Luckily, the mood was immediately broken by the sudden entrance of Harriet—sans knock.


"Sorry, Chief," she said, "but there was a call on the Roberts account, and I need you to okay it." She walked halfway across the room before she turned and officially noticed me. "Paulette," she said, feigning alarm. "I, uh, didn't realize you two were in here . . . alone."


Her attempt at stammering left me cold, since I knew for a fact that one of Becky's main responsibilities was to keep track of who went in and out of the boss man's office and how long each one stayed. Little somebody simply needed to know what was going on. And, I was certain that Barney knew as much as I did about the way our office was run. I couldn't yet tell whether or not he liked it.


Barney stuck the cigar back between his teeth and motioned Harriet forward. Then he signed the paper she held for him.


When she took the paper away, Barney took the cigar out of his mouth, took a couple of puffs, and tapped off the ash in the big crystal ashtray on his desk. He fixed me with a steely eye.

"Harriet," he said, "I don't know what I'd do without you. In fact, I was just instructing Paulette here in the finer points of punctuality. You know, she could take a page from your book on that subject."


Harriet was overcome. Her usually pallid complexion warmed to a rosy hue. "I don't know about that, Chief," she said. The hand not holding the paper reached up to pat the back of her hair, lacquered into place as usual. "If you say so."
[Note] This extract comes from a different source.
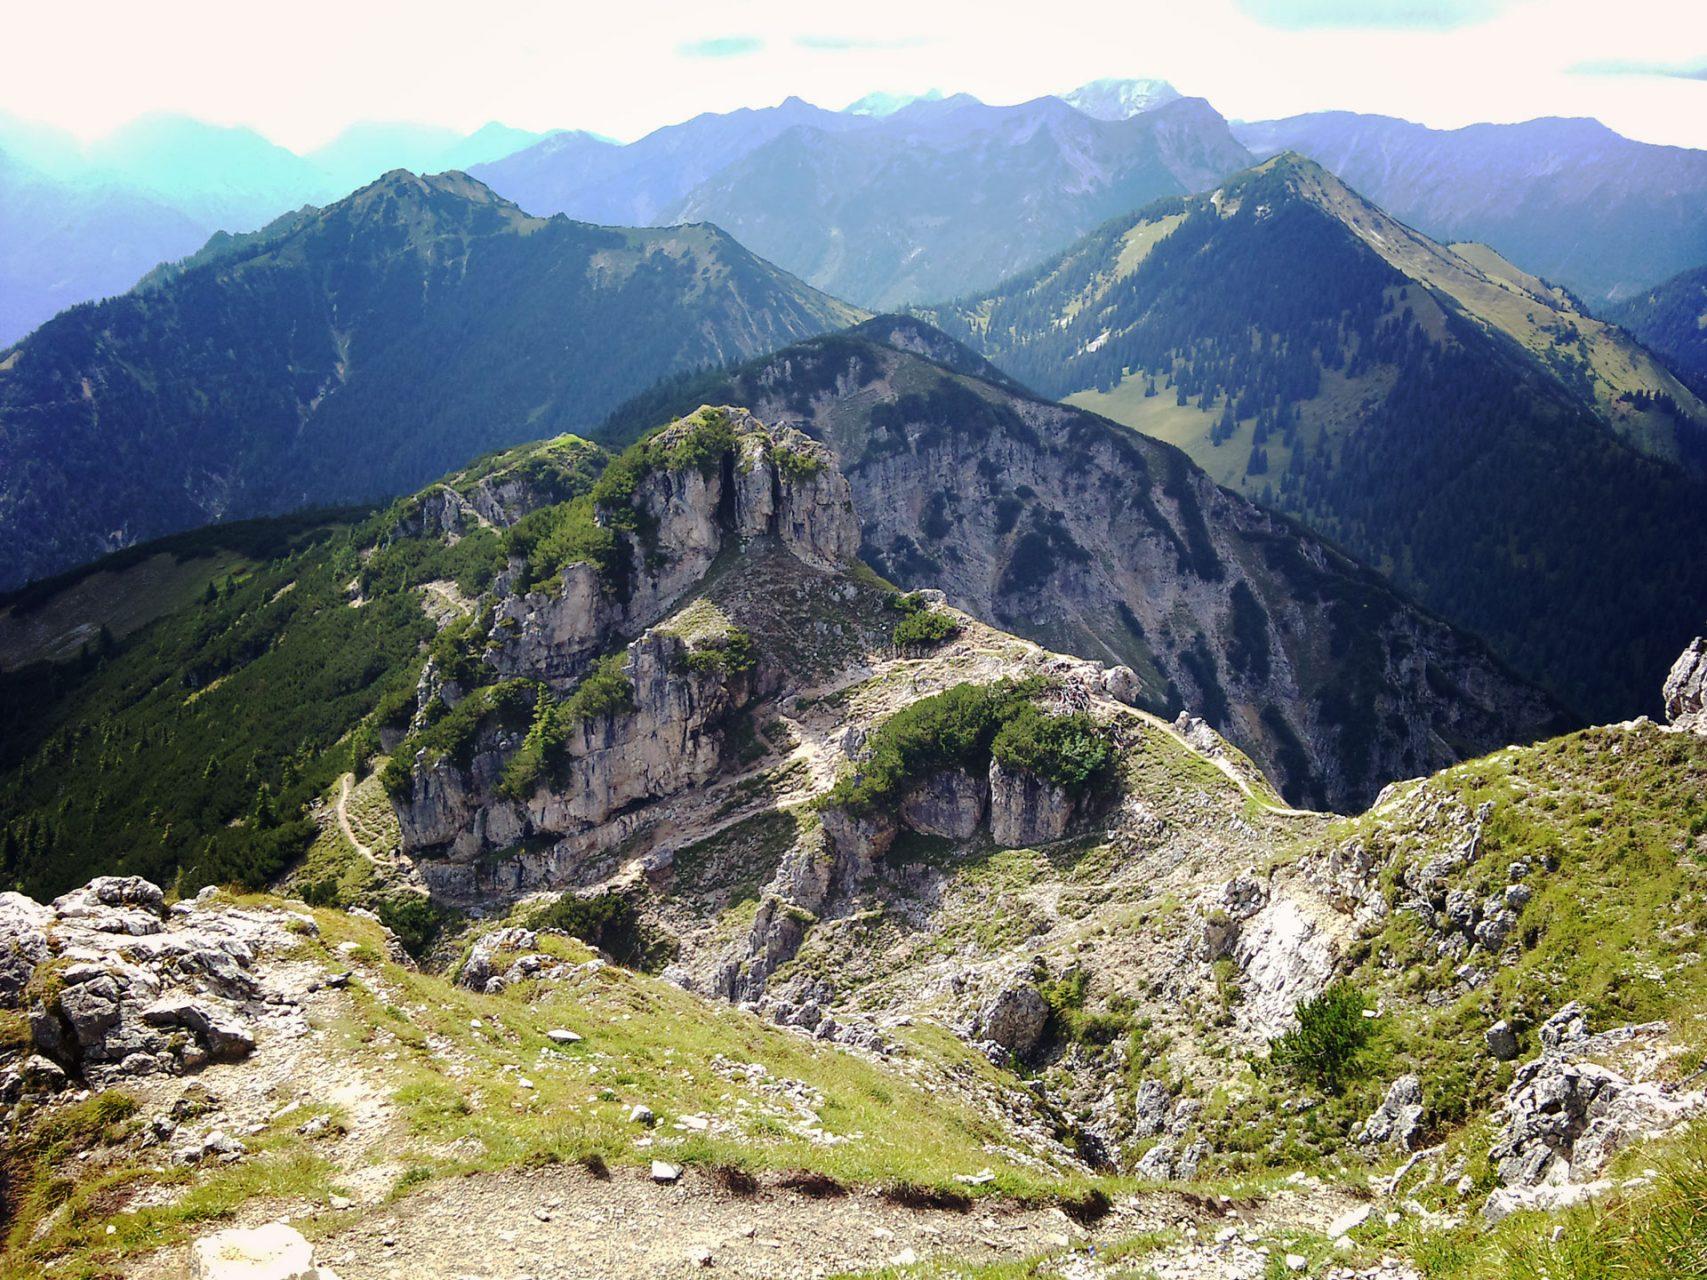 Der schmale Weg, der sich da so um die Felsen windet, das ist der Weg den wir gekommen waren. Und auf mein Bitten auch wieder zurück gingen.
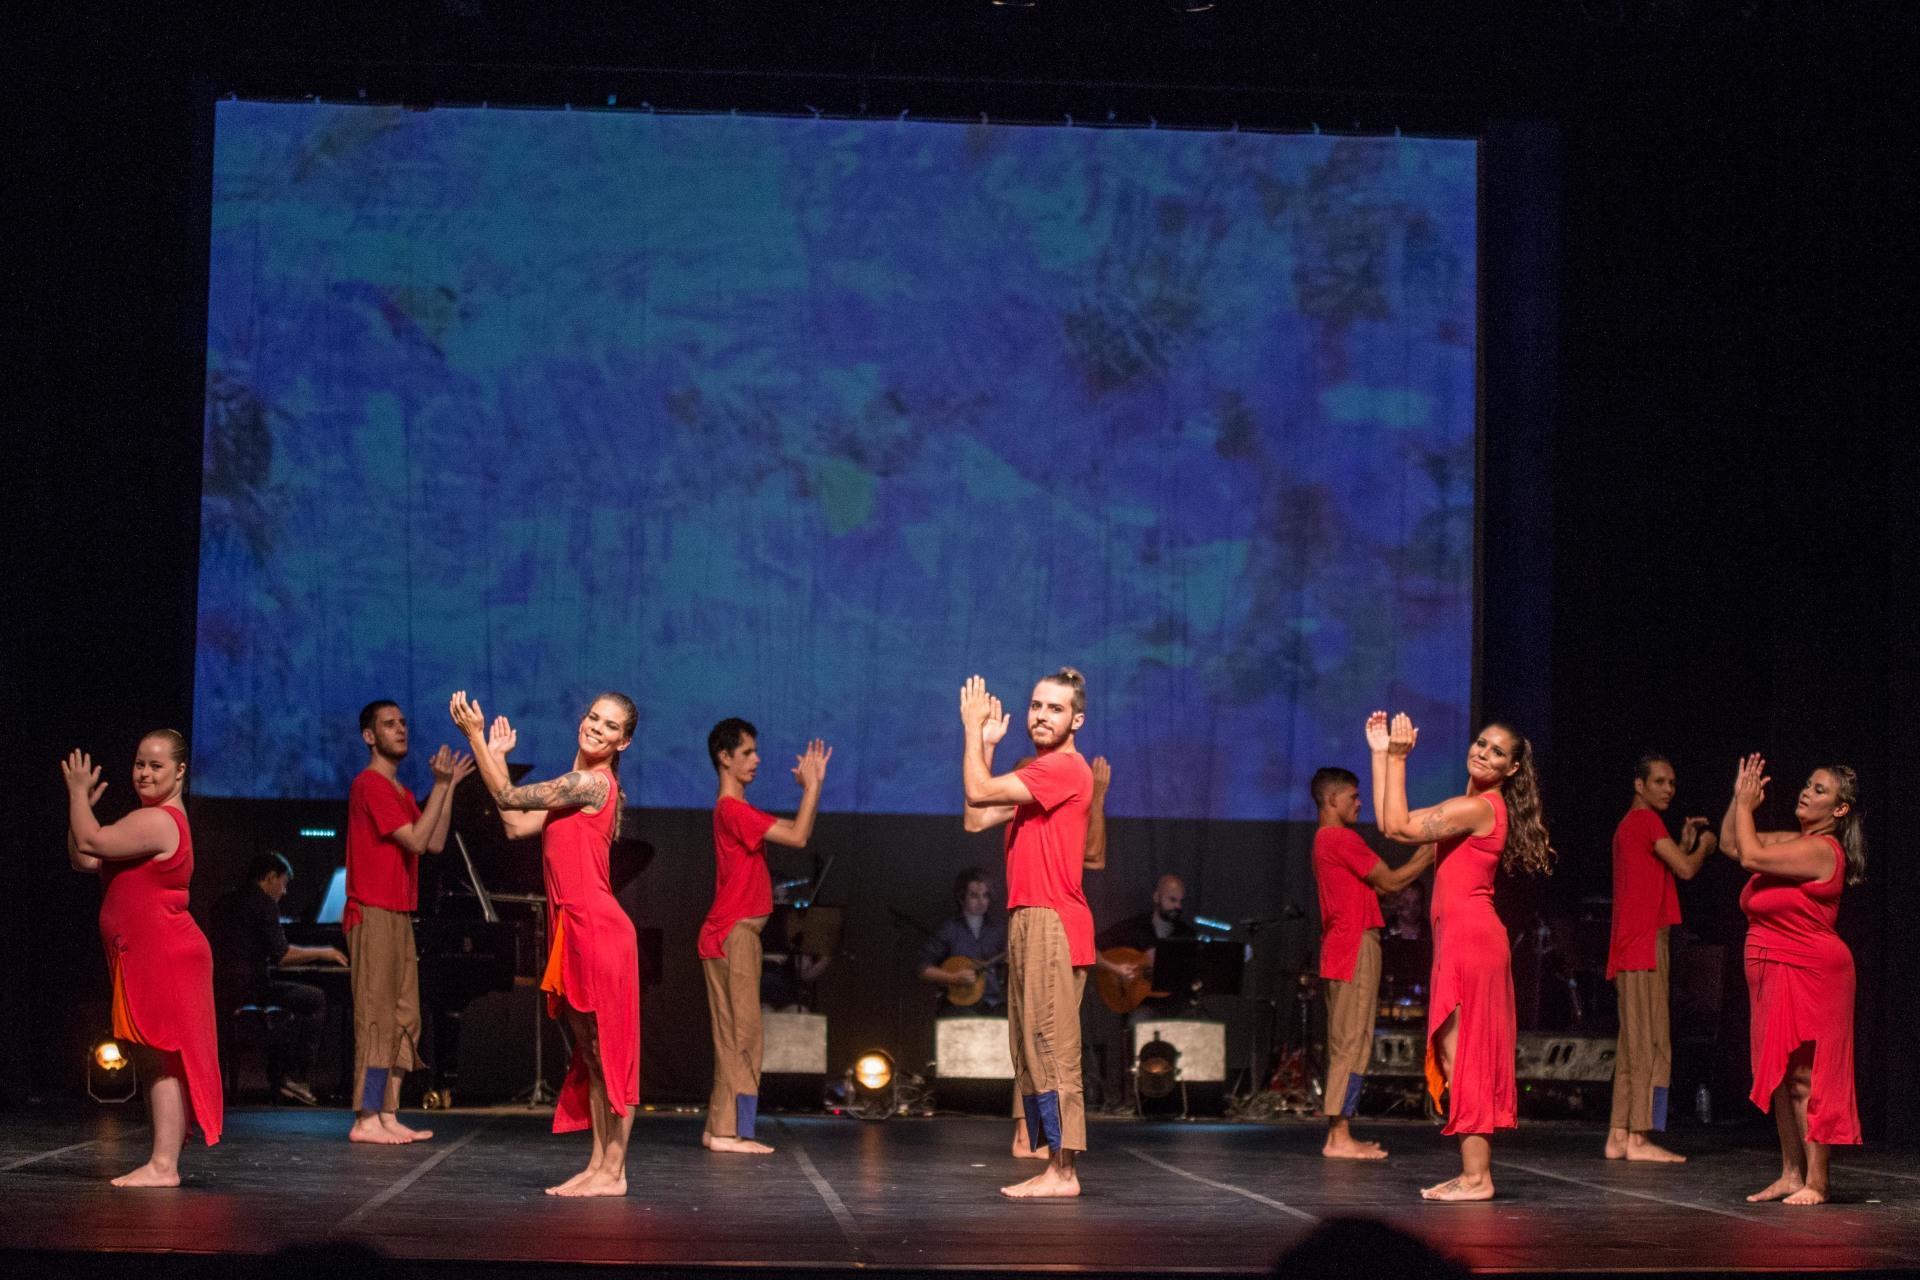 Dança e música como construção discursiva e social

"He's reminded me of it twice in the same week," I said. I shook my head. "I guess I'm going to have to work harder, Harriet. I hope that you can offer me some suggestions."


Harriet grew an inch taller and brightened even further at the chance to lecture one of her weaker sisters. "I've been making a list," she said cheerfully. "Stop by my office." With that, the Wicked Witch took off on her broomstick, ruby slippers clicking merrily.


About a minute after the door closed—enough time for a triumphant Harriet to make it to her office—Barney started a chortle that lasted several minutes. "You're pretty quick on your feet, Sweetheart," he said.


"And you, Mr. Dunbarton, are one smooth operator," I replied. "You don't miss a trick, Chief, so how's about answering a couple of perplexing questions I have about Lover Boy?"


Barney seemed pleased with the accolade and put his feet back up on the corner of his desk. "Shoot," he said.


I did, both literally and figuratively, and in this manner I found out that everything Jimmy told me was true—at least so far as Barney knew. The condoms had been reported, and Barney solved the problem with a call to our cleaning service.

The stolen accounts were harder to prove, but one of Jimmy's biggest clients reported having gotten sales calls from the Princess. After a little sotto voce confab with Jimmy, Barney had a few choice words with the Princess—moments before she came downstairs to make her last copies, thereby playing a part in my own personal psychodrama.